- _Data for this task_
________________________________________
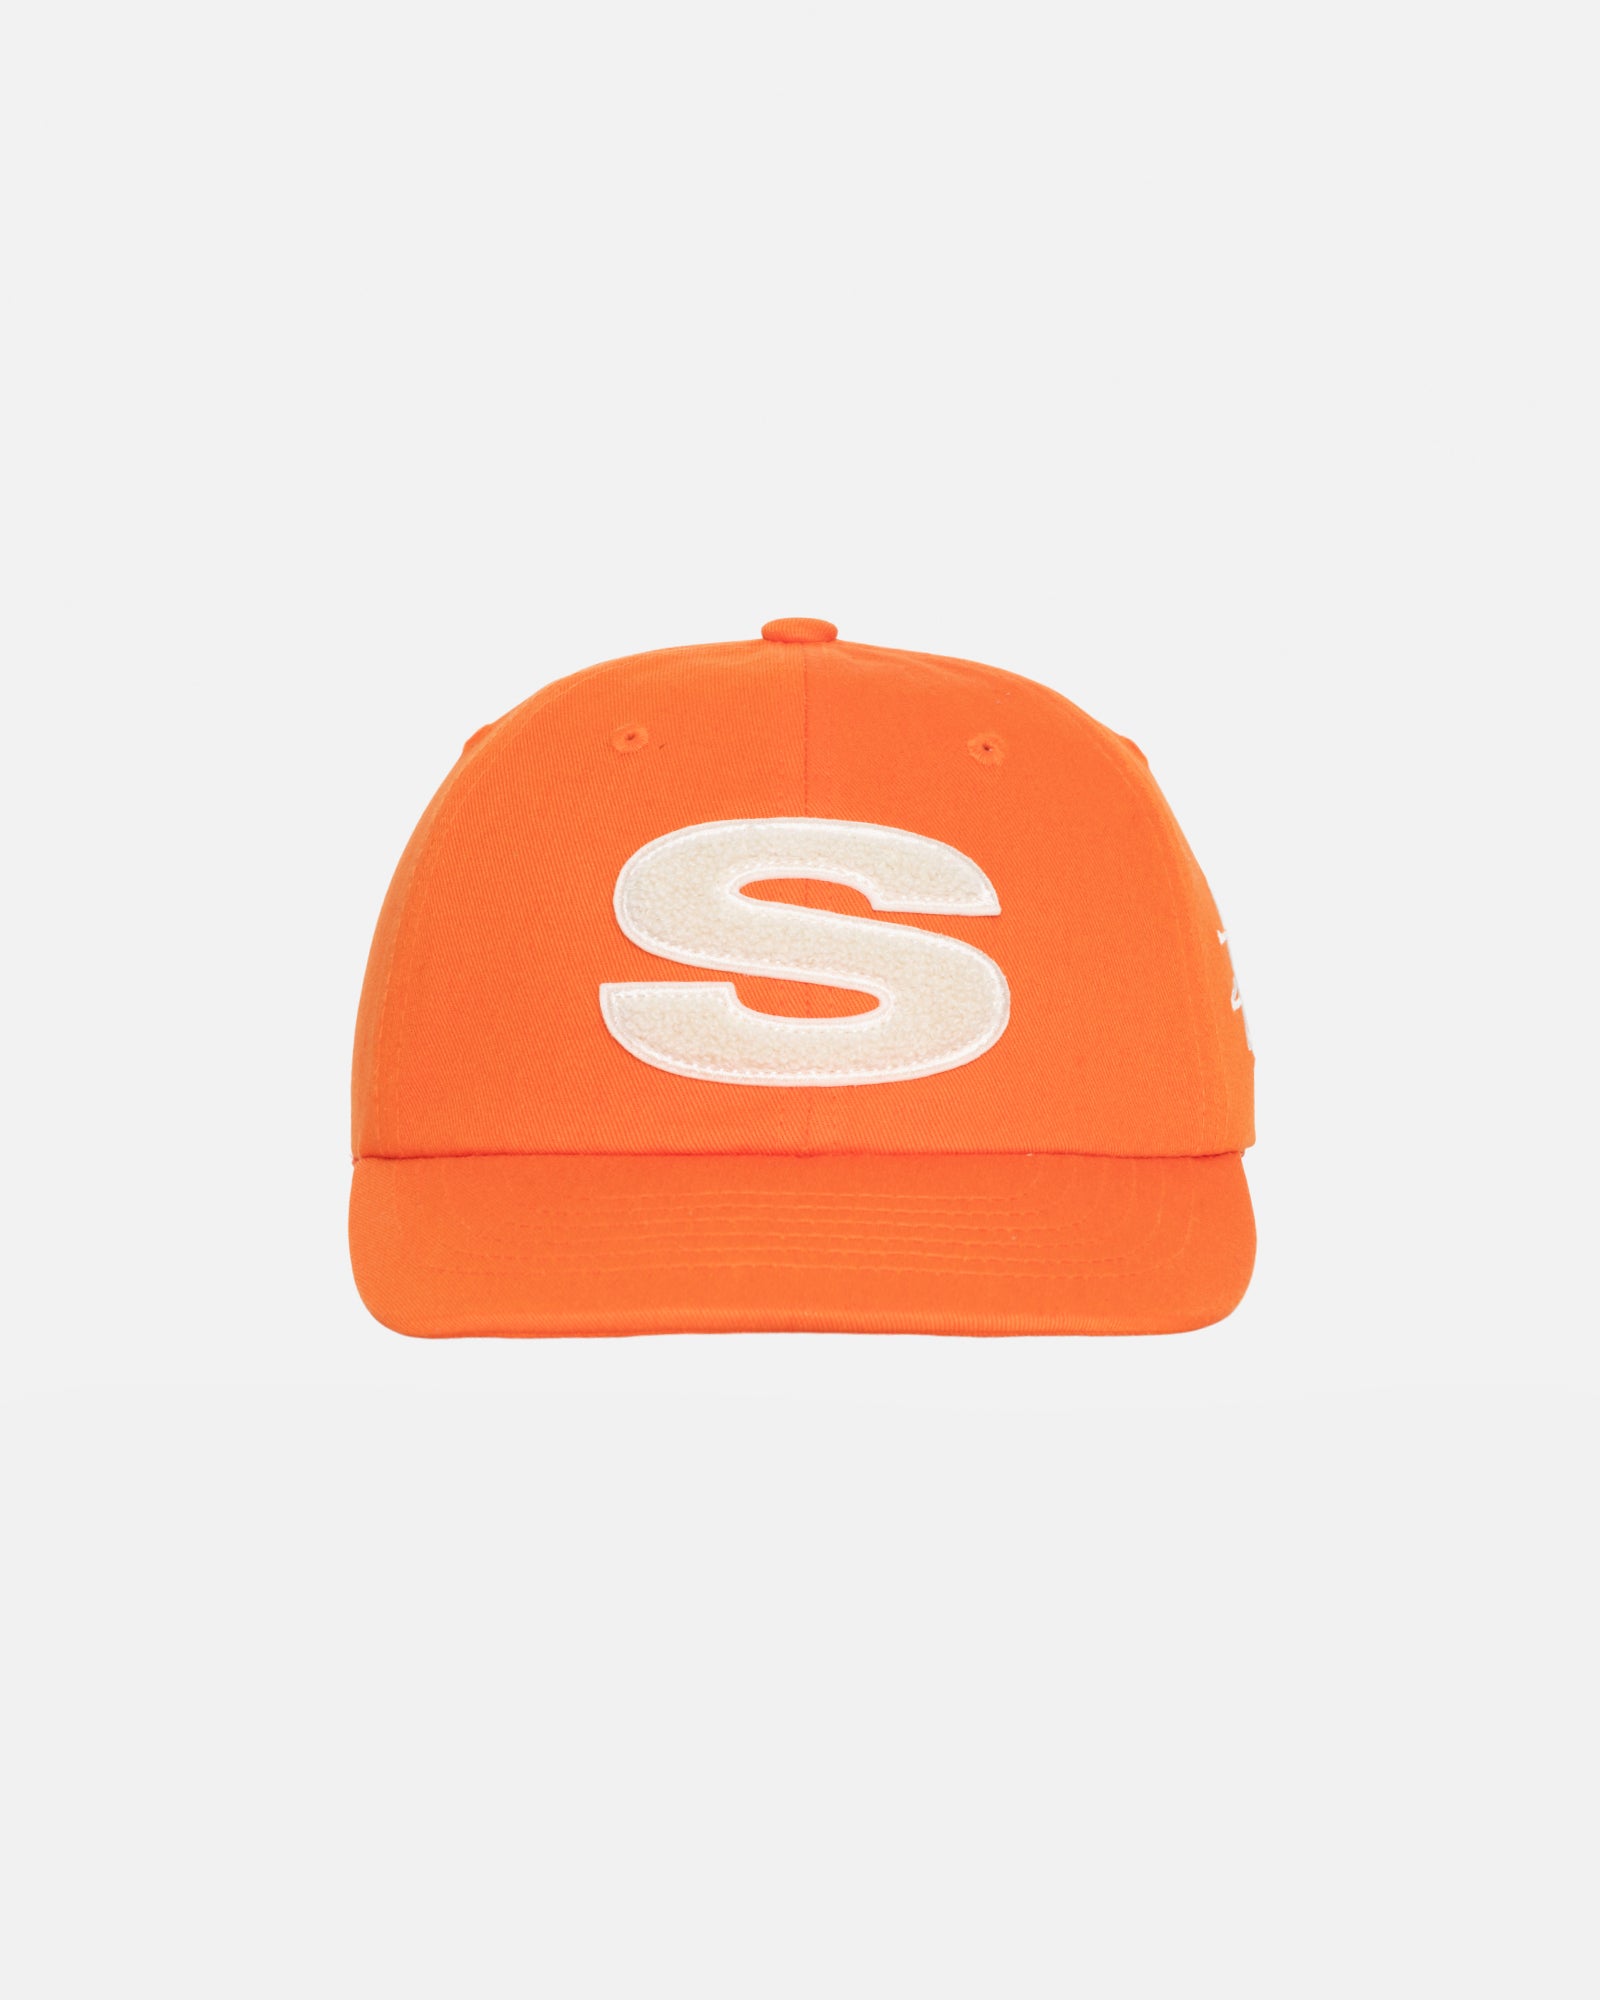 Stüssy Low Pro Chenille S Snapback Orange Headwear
________________________________________
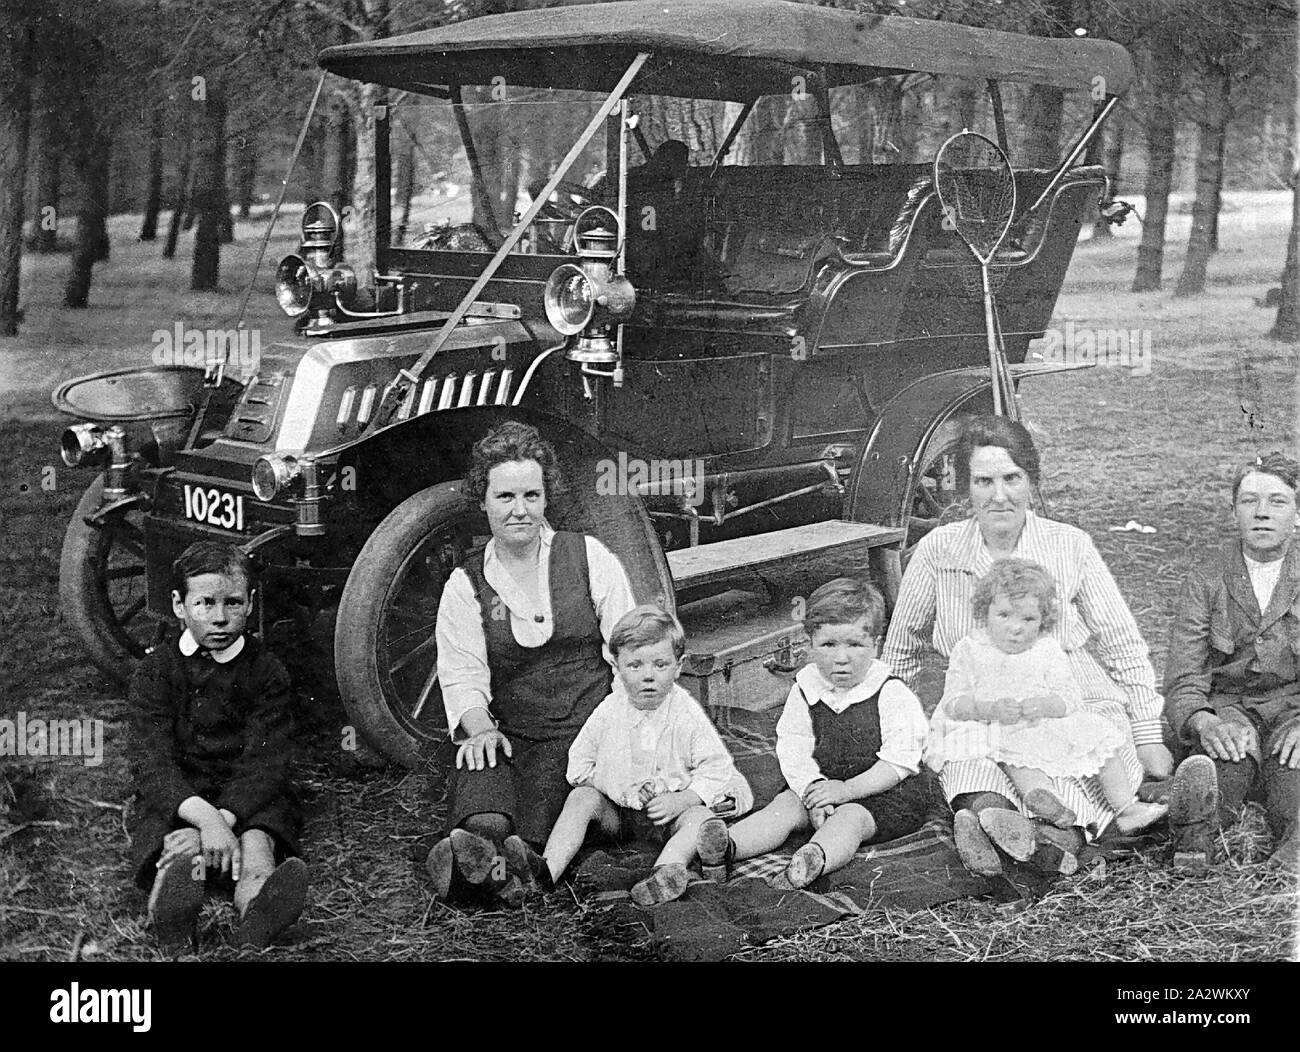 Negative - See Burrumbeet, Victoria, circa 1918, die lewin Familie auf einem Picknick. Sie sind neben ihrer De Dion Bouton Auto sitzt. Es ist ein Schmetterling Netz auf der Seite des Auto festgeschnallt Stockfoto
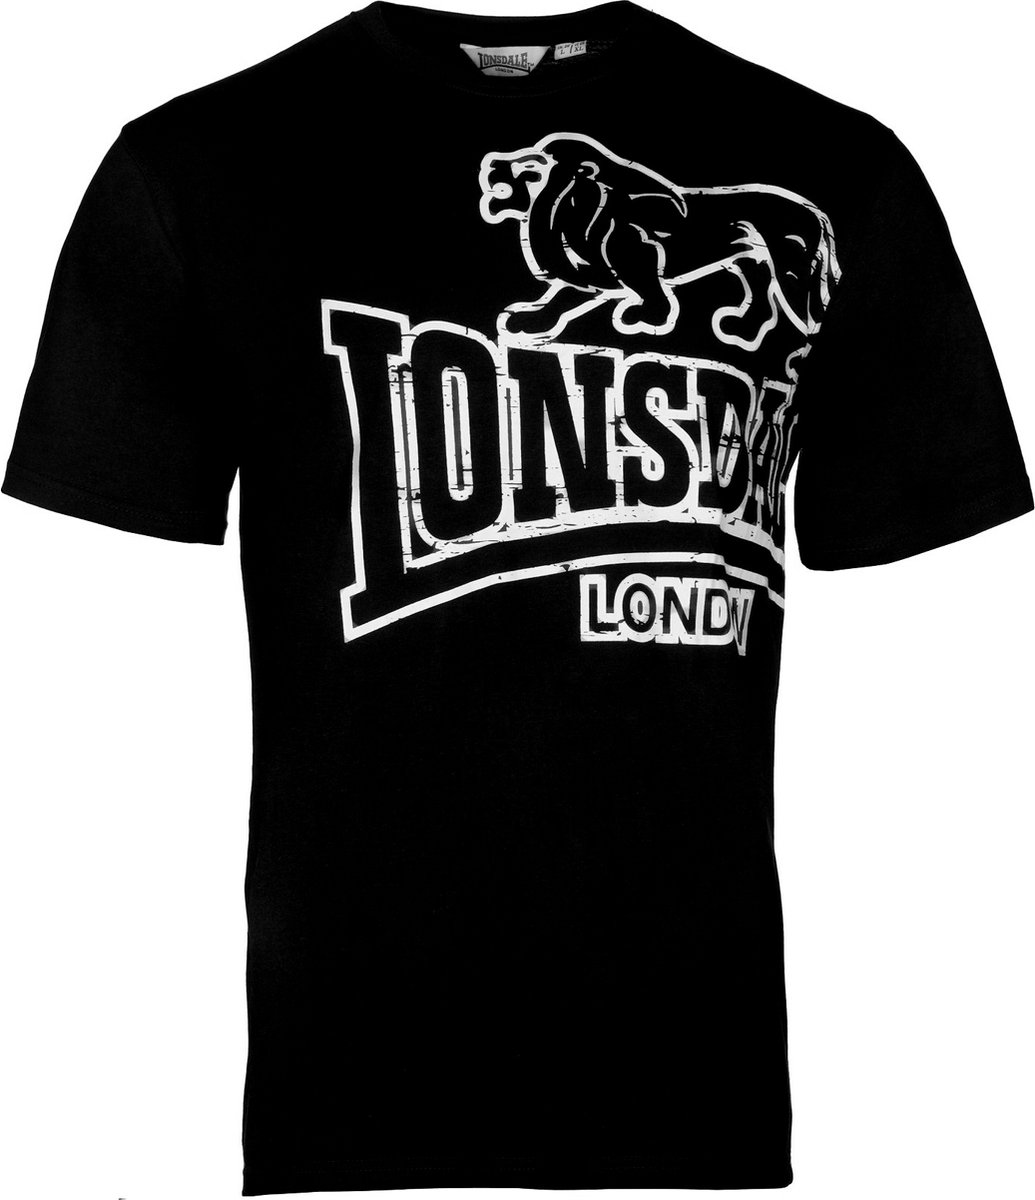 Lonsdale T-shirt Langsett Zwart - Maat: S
________________________________________
- _What to do_
Go to the line above that contains "Negative - See" and reproduce everything exactly from there through the line that contains "Lonsdale T-shirt Langsett Zwart - Maat: S", leaving out the pictures.

- _Response to this exercise_
 Negative - See Burrumbeet, Victoria, circa 1918, die lewin Familie auf einem Picknick. Sie sind neben ihrer De Dion Bouton Auto sitzt. Es ist ein Schmetterling Netz auf der Seite des Auto festgeschnallt Stockfoto
 Lonsdale T-shirt Langsett Zwart - Maat: S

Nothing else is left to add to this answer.